DATASET SECTION >>
◇ ◇ ◇
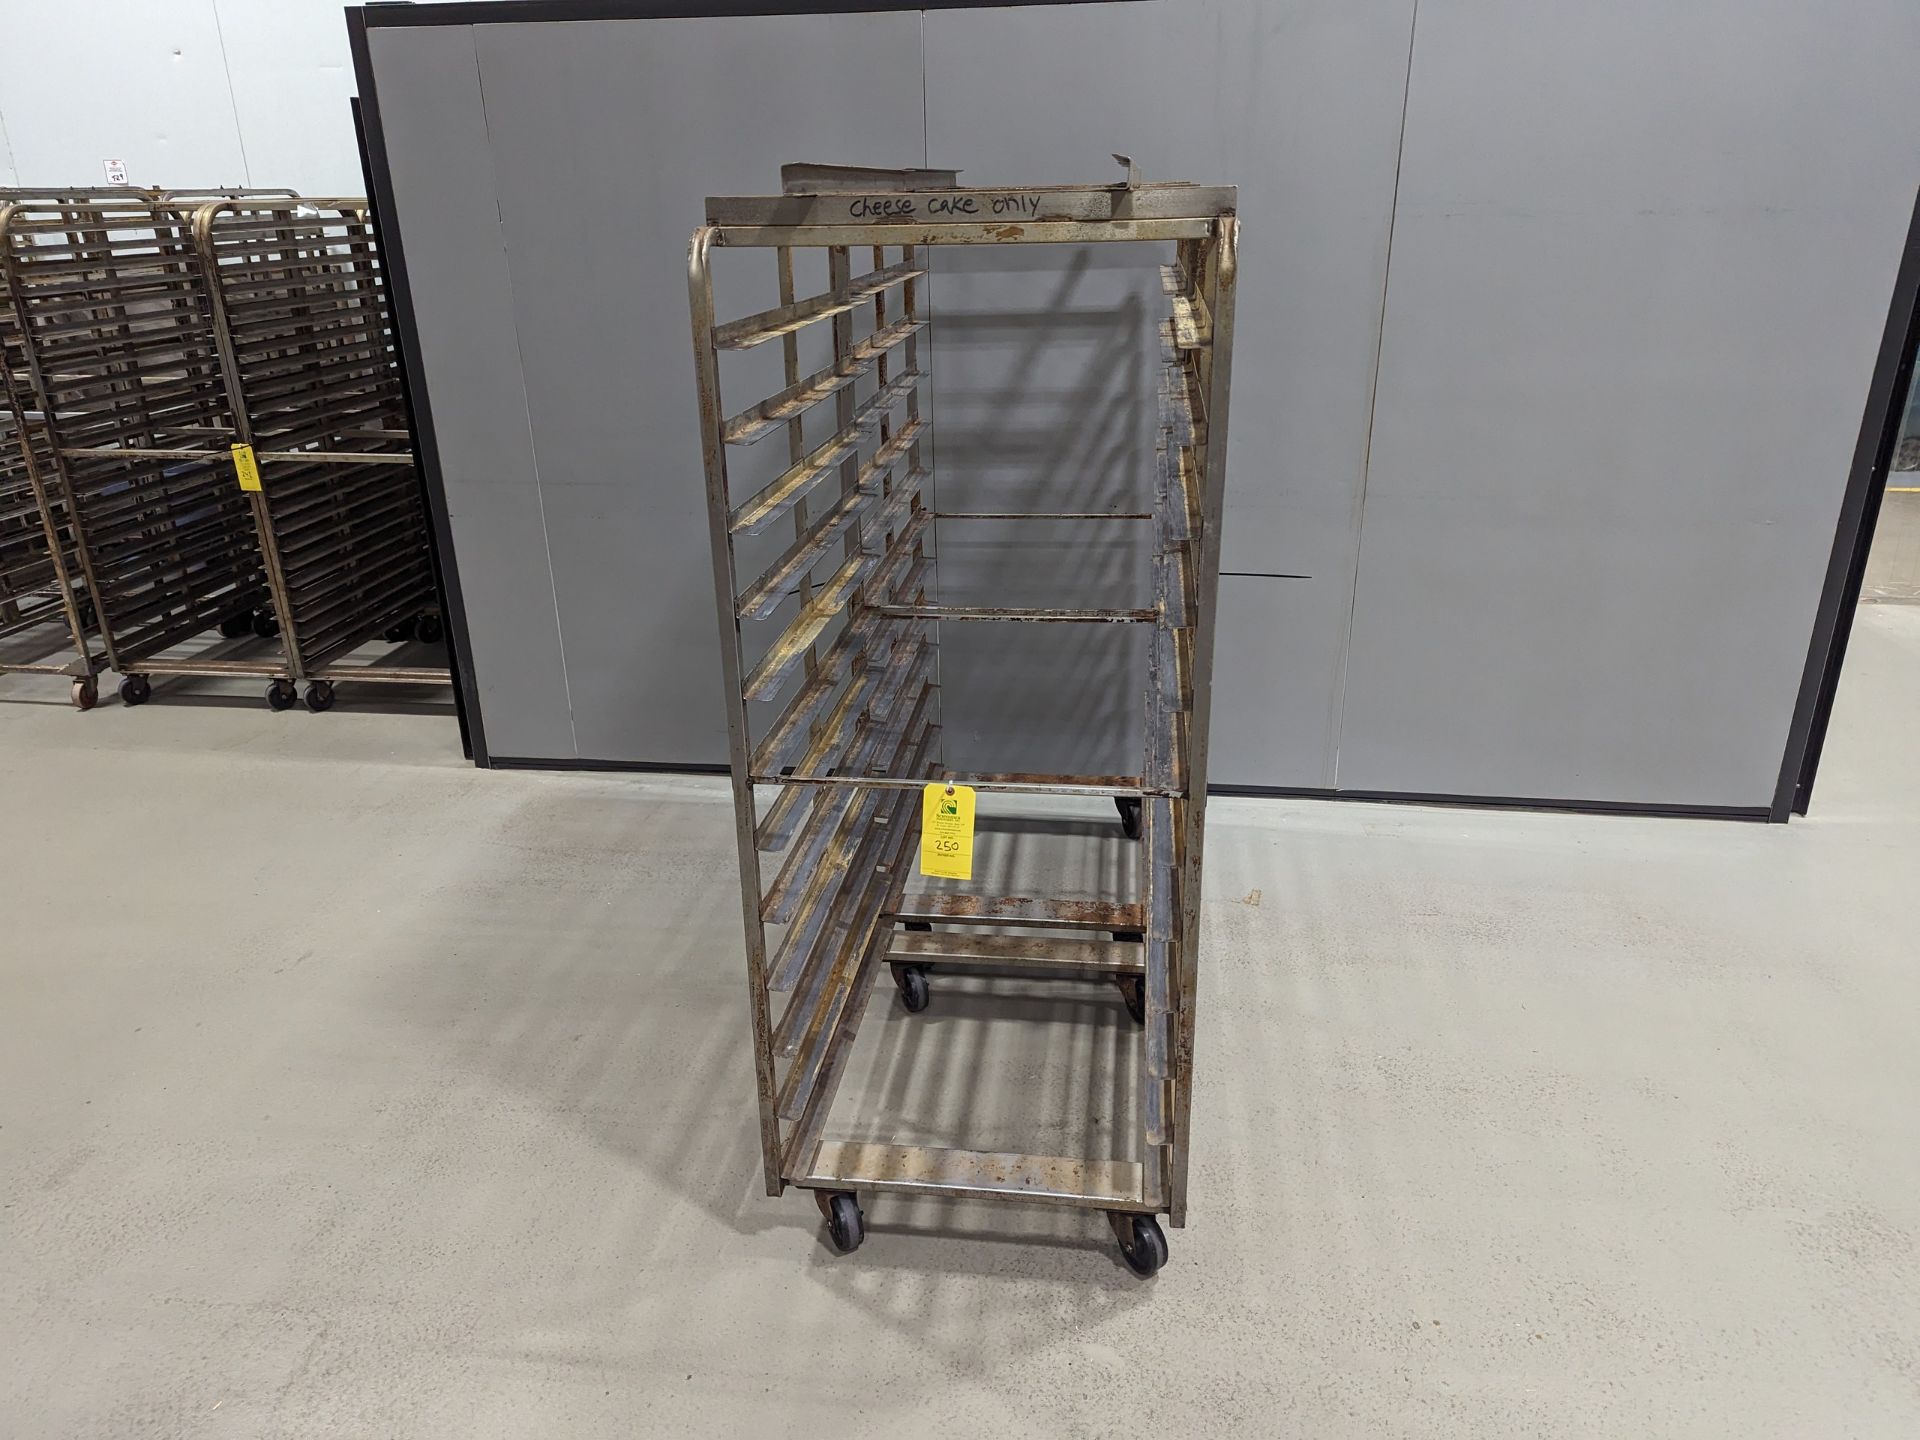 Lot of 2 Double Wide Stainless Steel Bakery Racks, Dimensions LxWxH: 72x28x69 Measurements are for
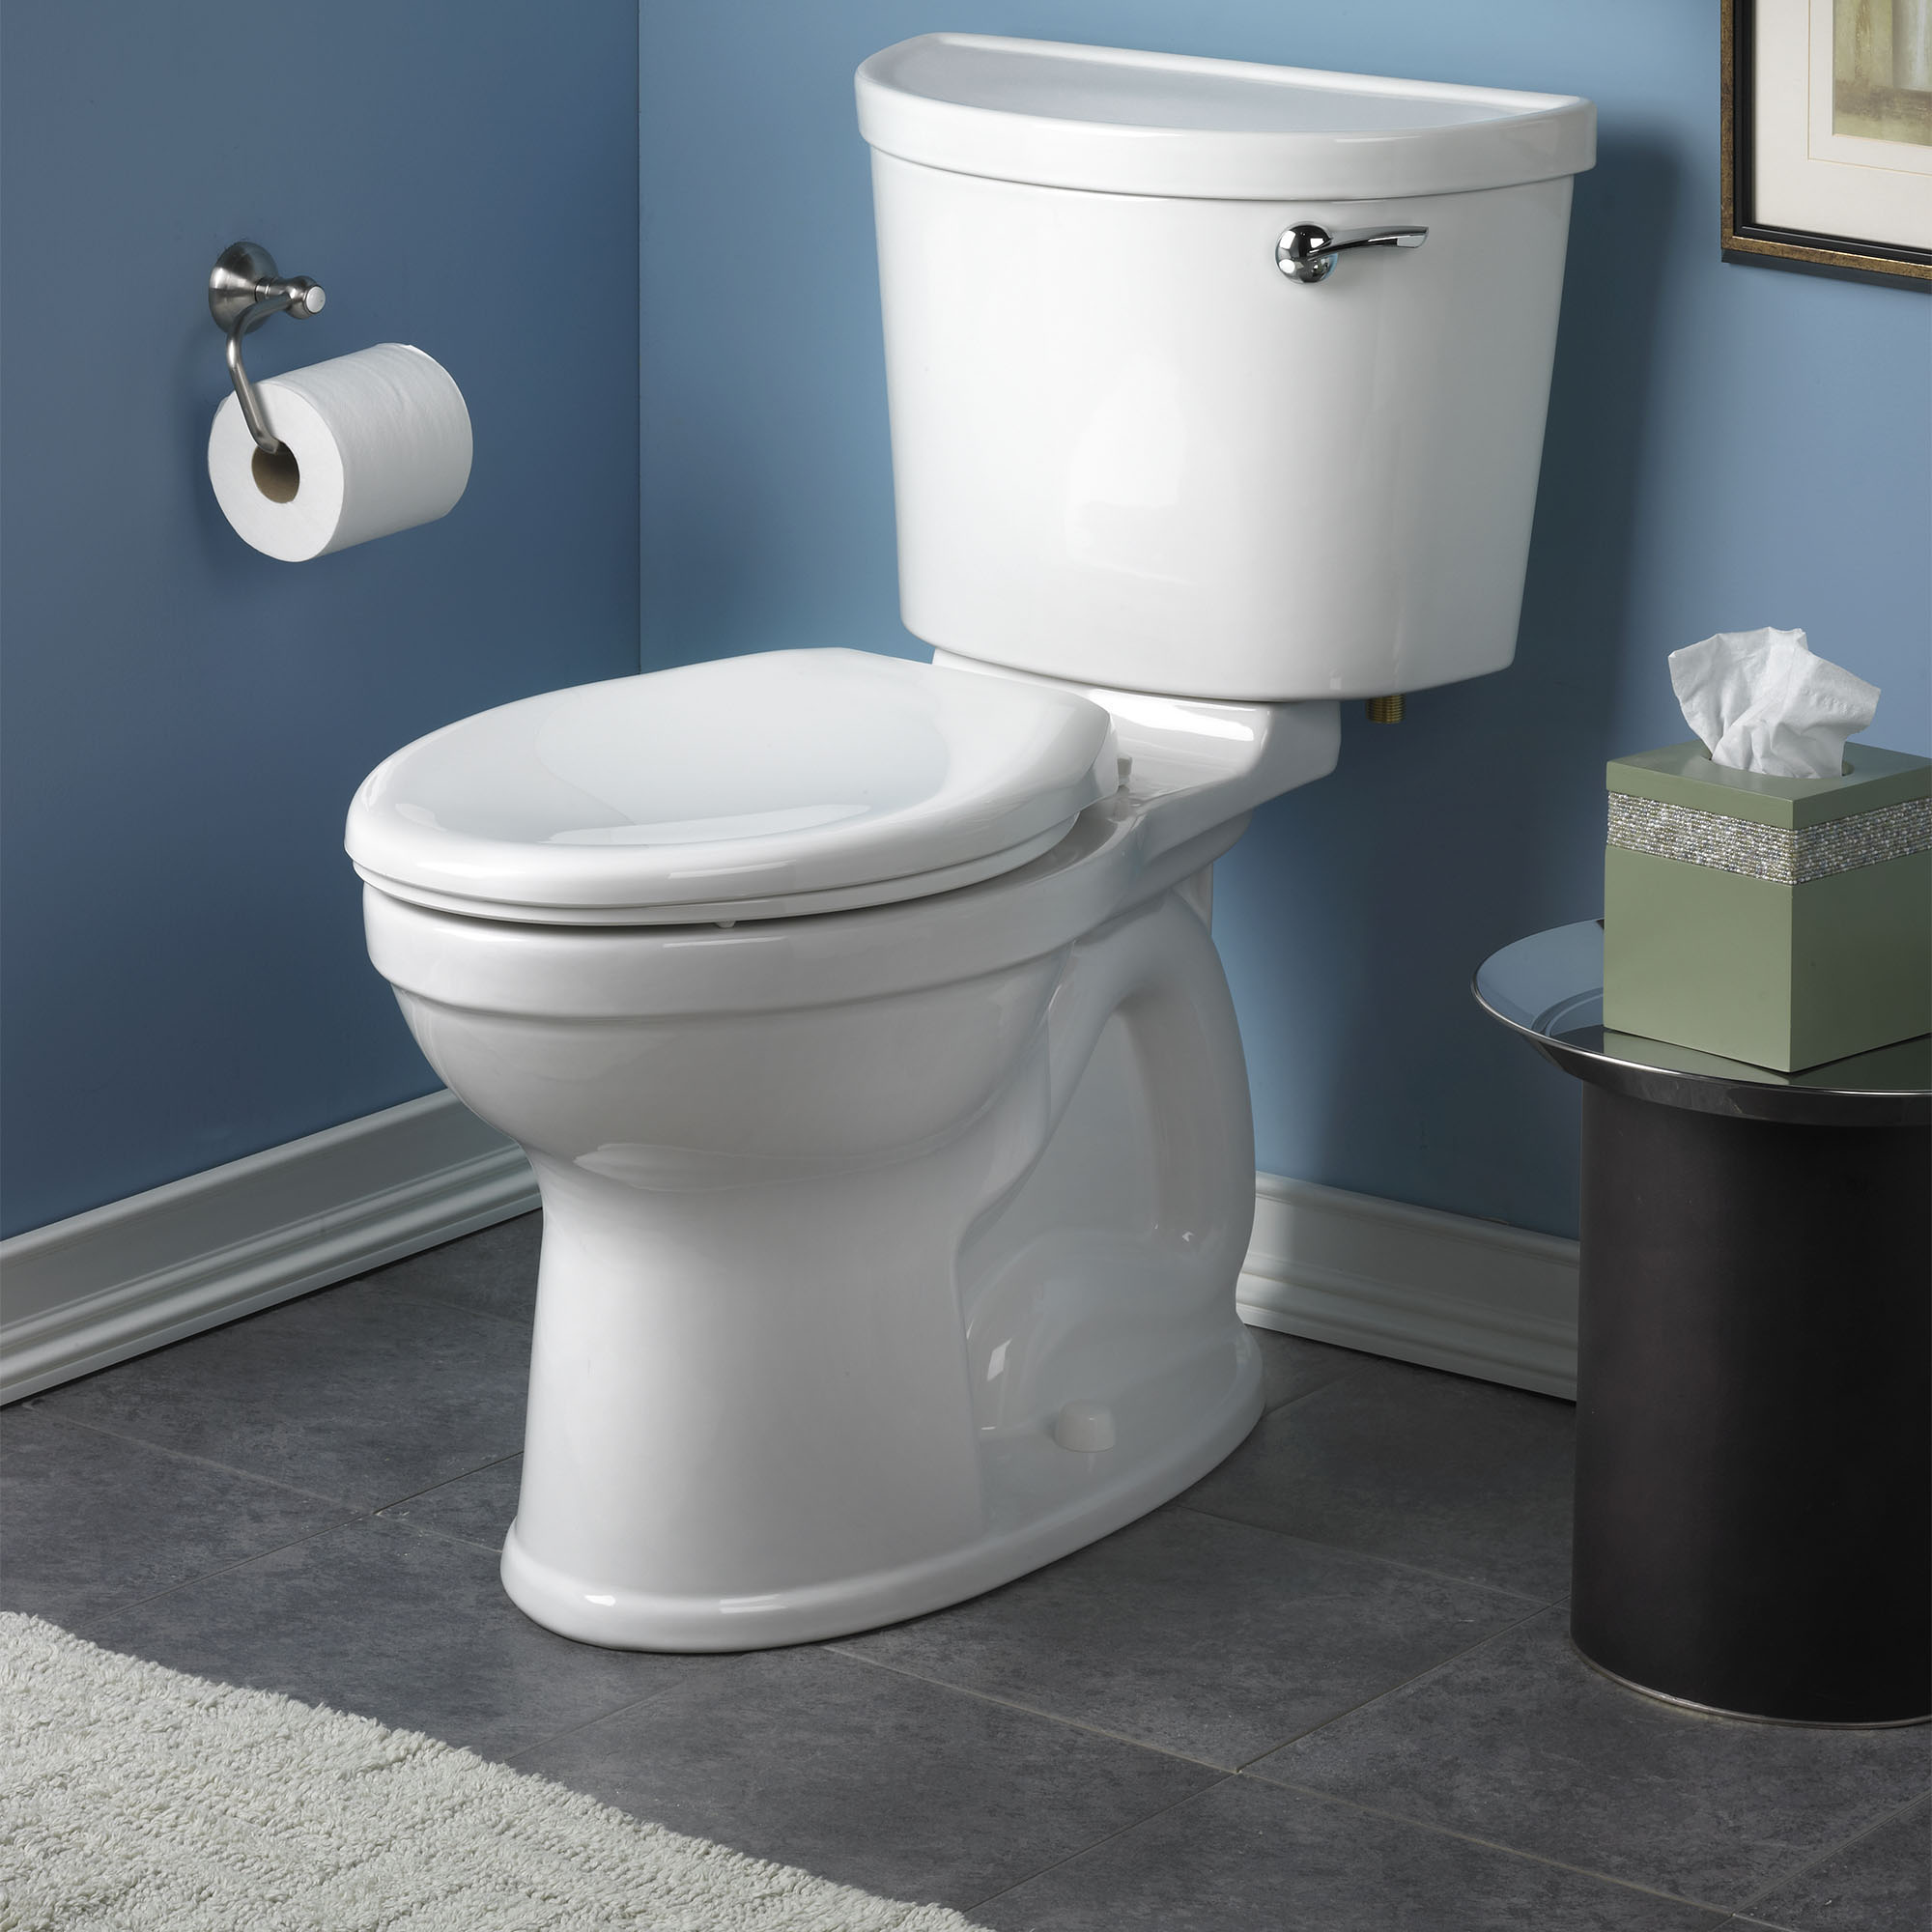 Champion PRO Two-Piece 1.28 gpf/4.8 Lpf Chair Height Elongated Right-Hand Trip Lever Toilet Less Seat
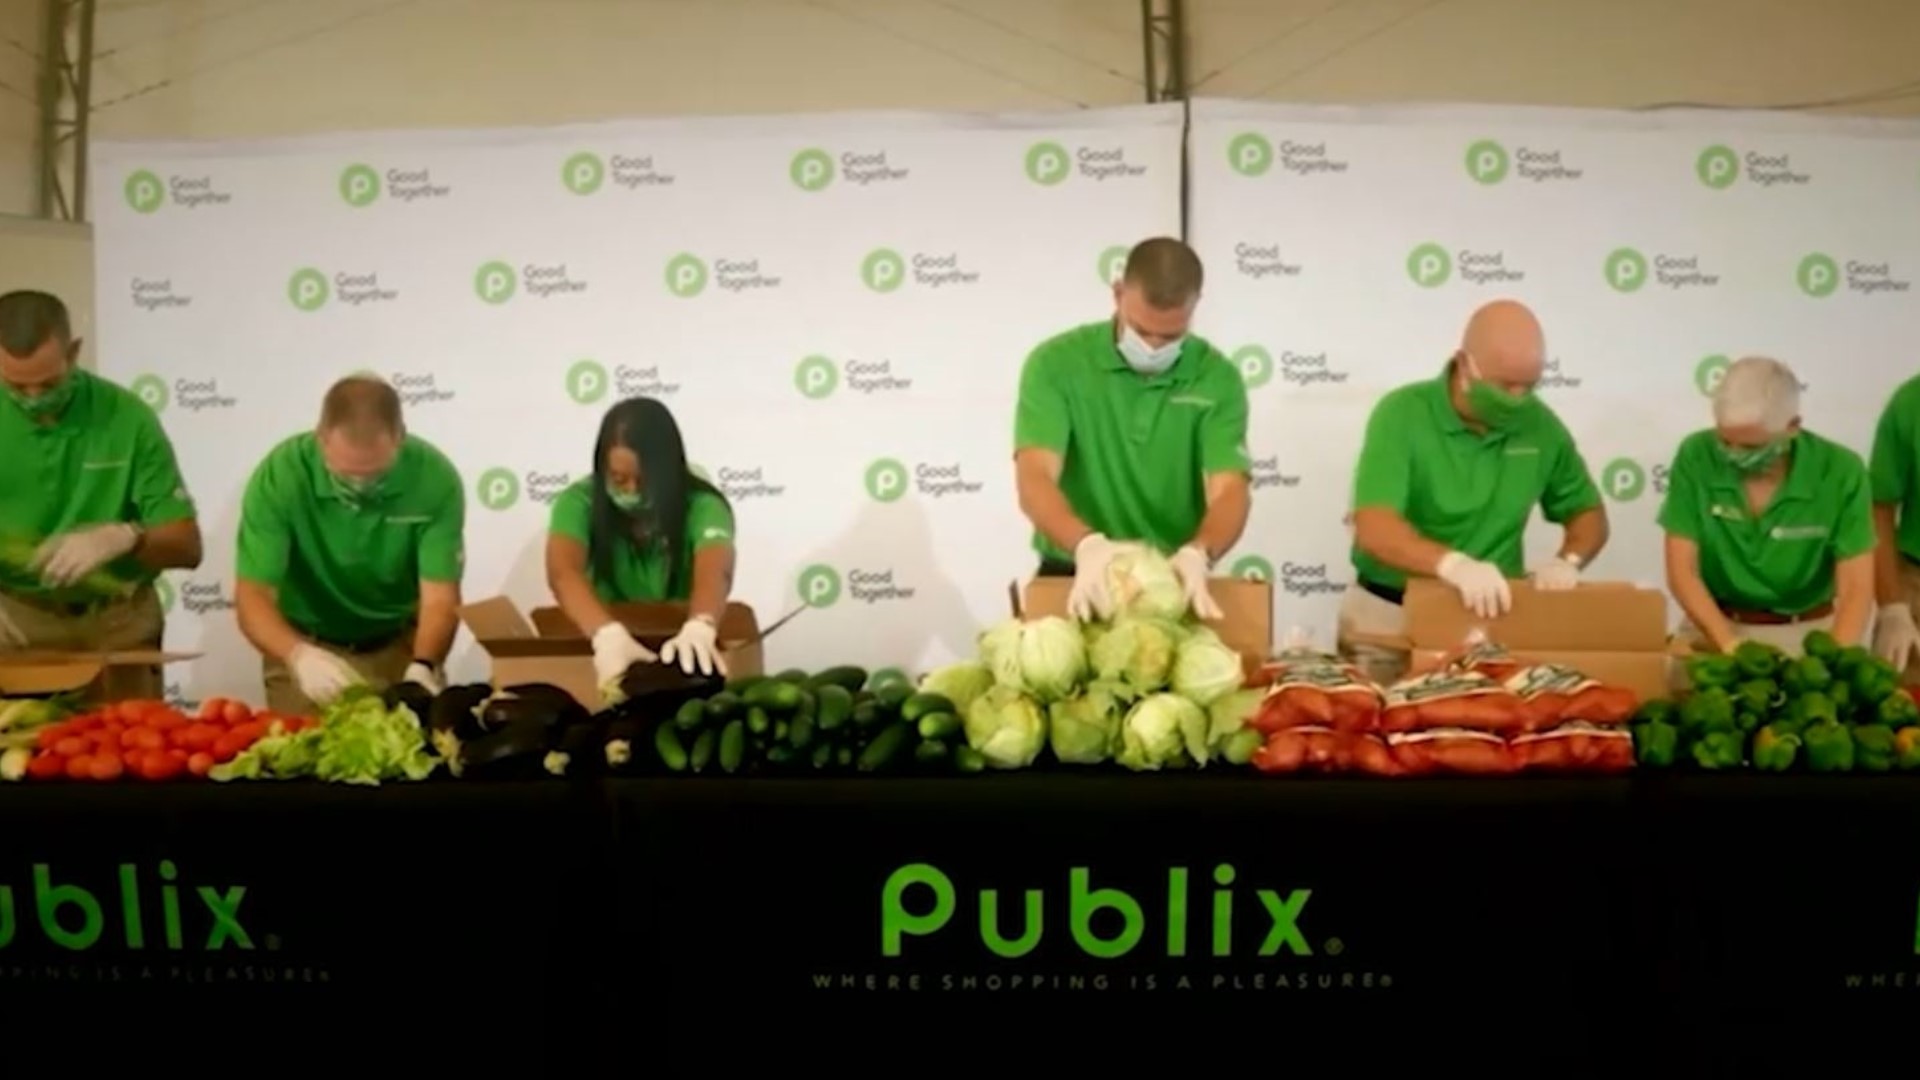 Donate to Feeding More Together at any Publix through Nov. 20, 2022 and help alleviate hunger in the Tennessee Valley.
◇ ◇ ◇
When you copy the listing above, reproduce every line exactly and skip the images.

OUTPUT FOR THIS EXERCISE >>
 Lot of 2 Double Wide Stainless Steel Bakery Racks, Dimensions LxWxH: 72x28x69 Measurements are for
 Champion PRO Two-Piece 1.28 gpf/4.8 Lpf Chair Height Elongated Right-Hand Trip Lever Toilet Less Seat
 Donate to Feeding More Together at any Publix through Nov. 20, 2022 and help alleviate hunger in the Tennessee Valley.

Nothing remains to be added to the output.